On OS X El Capitan this appears to have no effect; even ulimit -m 1 (limiting all programs to just 1kB of memory!) is ineffective.

How can I set an upper bound on the memory available to a particular process?

Best Answer

There are two approaches to constraining your memory usage: Ex post facto, and preemptive. That is to say, you can try to kill your program after it has gotten too large, or you can program it not to get too large in the first place.
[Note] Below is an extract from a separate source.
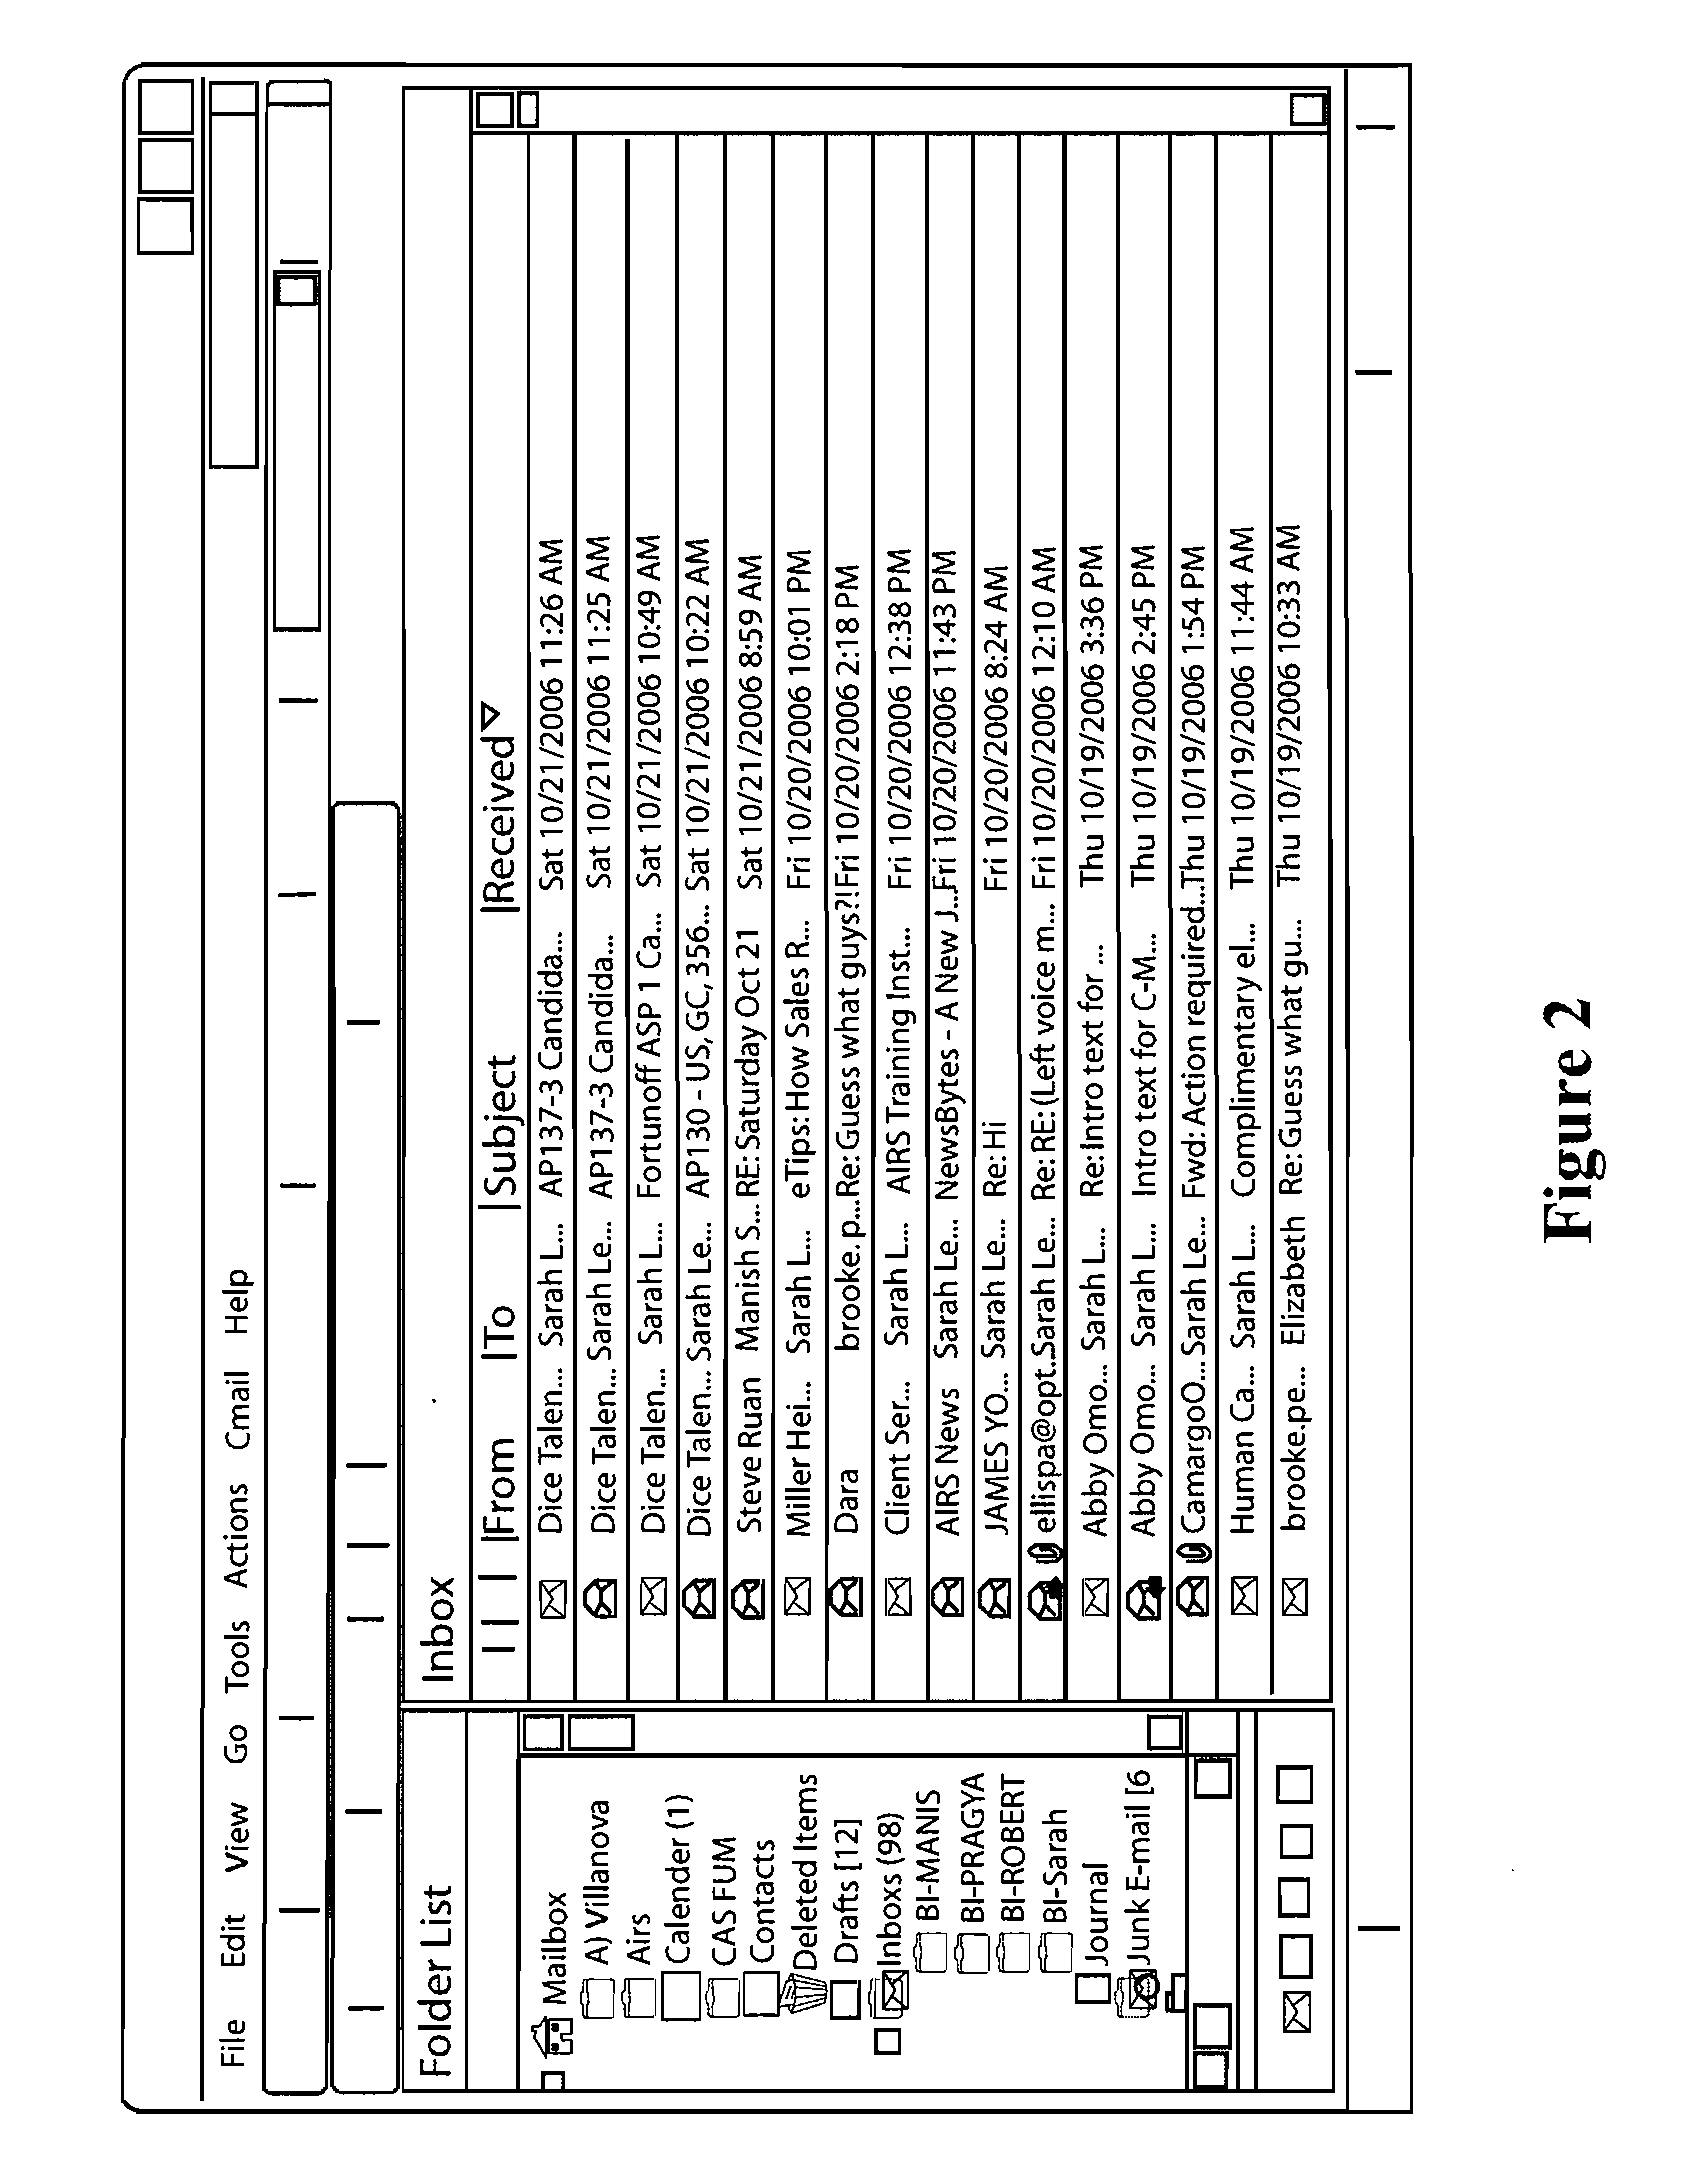 System and method of dynamically prioritized electronic mail graphical user interface, and measuring email productivity and collaboration trends

If you insist on the ex post facto approach, you can use the following Bash script. This script first finds the amount of memory (as defined by "resident set size") the process with processid pid is using, filters out all non numerical data using grep, and saves the amount as variable n. The script then checks if n is greater than your specified x. If it is, the process with processid pid is killed.

Please note:

  1. You must replace <pid> with the process id of your program.
  2. You must replace <x> with the rss = "resident set size" (ie real memory size) you don't want the program to exceed.

n=$(ps -<pid> -o rss | grep '[0-9]') if [ $n -gt <x> ]; then kill -9 <pid>; fi

If you want this to run every y seconds just inclose it in a loop, and tell it to wait for y seconds after every iteration. You could also write a similar command using top. Your starting point would be top -l 1|grep "<pid>"|awk '{print $10}'.

@kenorb's answer helped me with my script


While I believe that answers the question, in the long run I believe it is better programming design to take a preemptive approach using manual memory allocation.

Firstly, are you sure the memory usage is really a problem? The Go documentation states:

The Go memory allocator reserves a large region of virtual memory as an arena for allocations. This virtual memory is local to the specific Go process; the reservation does not deprive other processes of memory.

If you still think you have a problem, then I encourage you to manually manage your memory as is done in the C programming language. Since go is written in C, I suspected there would be ways to get into the C memory management/allocations, and indeed there are. See this github repository which,

allows you to do manual memory management via the standard C allocator for your system. It is a thin wrapper on top of malloc, calloc and free from . See man malloc for details on these functions for your system. This library uses cgo.

The use case is given as:

Why would you want this?

When a program is causing memory pressure or the system is running out of memory it can be helpful to manually control memory allocations and deallocations. Go can help you control allocations but it is not possible to explicitly deallocate unneeded data.

This seems like a better long term solution.